Don't forget the buns!


----------



## euphorion (Sep 21, 2011)

bumperooney


----------



## Spider178 (Sep 21, 2011)

shooshoo said:


> Alright alrighy, a few too many PM's harassing me to pick an actual date and after most people saying no to most dates the most likely date is Sat the 15th, so there!
> 
> Saturday 15th October, Newfarm Park. If you don't know anyone going i will endeavor to make myself obvious otherwise please PM me for my contact number. There are electric BBQ's down near the ferry terminal beside the river so i guess we will most likely be there. Most of you should know what Ing and I look like by now even so...



15 October penciled in.


----------



## Jay84 (Sep 21, 2011)

OK..... D3pro..... all this gay inuendo may come and backfire on you.......

I am in QLD for 2 weeks in October and i am there on the 15th!!!!!!!!!!!!!!!!

I am seriously considering coming to taste your meat.... i am sure i can handle the heat.... can you? lol


----------



## D3pro (Sep 21, 2011)

Jay84 said:


> OK..... D3pro..... all this gay inuendo may come and backfire on you.......
> 
> I am in QLD for 2 weeks in October and i am there on the 15th!!!!!!!!!!!!!!!!
> 
> I am seriously considering coming to taste your meat.... i am sure i can handle the heat.... can you? lol



Alright, I just hope I have enough meat for everyone.... I'll bring extra hot sauce too


----------



## Rainbow-Serpent (Sep 21, 2011)

Oooh! Someone bring fairy-bread!!


----------



## jinjajoe (Sep 21, 2011)

Count me in defo..... esp now the Sausage talk is rife lol


----------



## damian83 (Sep 21, 2011)

D3pro said:


> My sausages might be too spicy?



why are they chilli italians?


----------



## Rainbow-Serpent (Sep 21, 2011)

Bahahaha, only on APS....


----------



## damian83 (Sep 21, 2011)

najanaja said:


> Or you could just '' butter up some buns'' D3pro



mick i heard d3pro liked steaming hot muffin tops with westernstar....



MC-Boks said:


> Sounds like fun. Best I stay away from the raffle tickets tho!!!!



yes you and 152 boy stay away so someone else gets the prize lol



shooshoo said:


> I was going to bring cupcakes but i feel morally obliged to bring muffins to honour the above comments.

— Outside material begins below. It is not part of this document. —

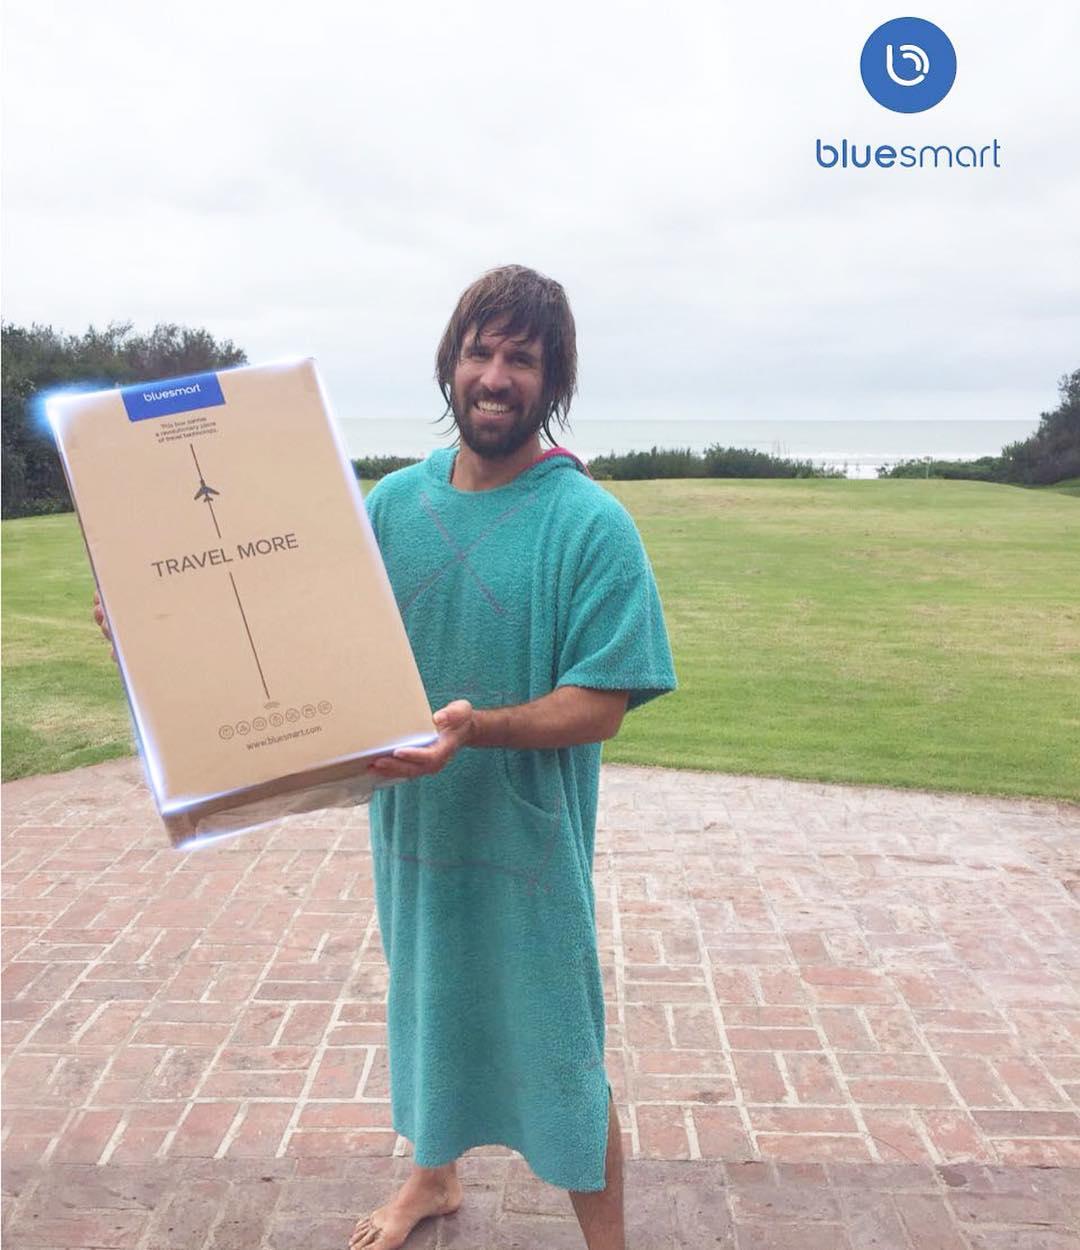 Llego BLUE SMART a Argentina! Nosotros ya tenemos la nuestra!!! Ideal para surftrips ☄

i think they like crushed nuts in their muffins...


----------



## D3pro (Sep 21, 2011)

damian83 said:


> why are they chilli italians?



Funny enough I am Italian! HA.... Eat-ah ma spicy-meat-ah-ball


----------



## damian83 (Sep 21, 2011)

D3pro said:


> Funny enough I am Italian! HA.... Eat-ah ma spicy-meat-ah-ball


 
dove undare a masturbasi


----------



## D3pro (Sep 21, 2011)

damian83 said:


> dove undare a masturbasi



You just asked "where to go to masturbate?"
Try your toilet and don't put me in your fantasy LOL


----------



## damian83 (Sep 21, 2011)

ok just a your spicy a meat balls lol


----------



## euphorion (Sep 22, 2011)

lol bump?


----------



## Pineapplekitten (Sep 23, 2011)

Ima Coming Woo  i might bring some cookies since the muffins are well covered


----------



## ingie (Sep 23, 2011)

Yay! I'll bring some cupcakes


----------



## wheatus4212 (Sep 23, 2011)

count me in will be good to meet some new peps


----------



## Trouble (Sep 23, 2011)

Sounds good - I'll bring the Fairy Bread


----------



## Rainbow-Serpent (Sep 23, 2011)

Trouble said:


> Sounds good - I'll bring the Fairy Bread


You legend


----------



## euphorion (Sep 23, 2011)

After a couple of PM's and what-not, yes, there is oodles of public transport available. I don't know what the bus line is but i'm not your mum so look it up yourselves  Also, ferries, lots of ferries.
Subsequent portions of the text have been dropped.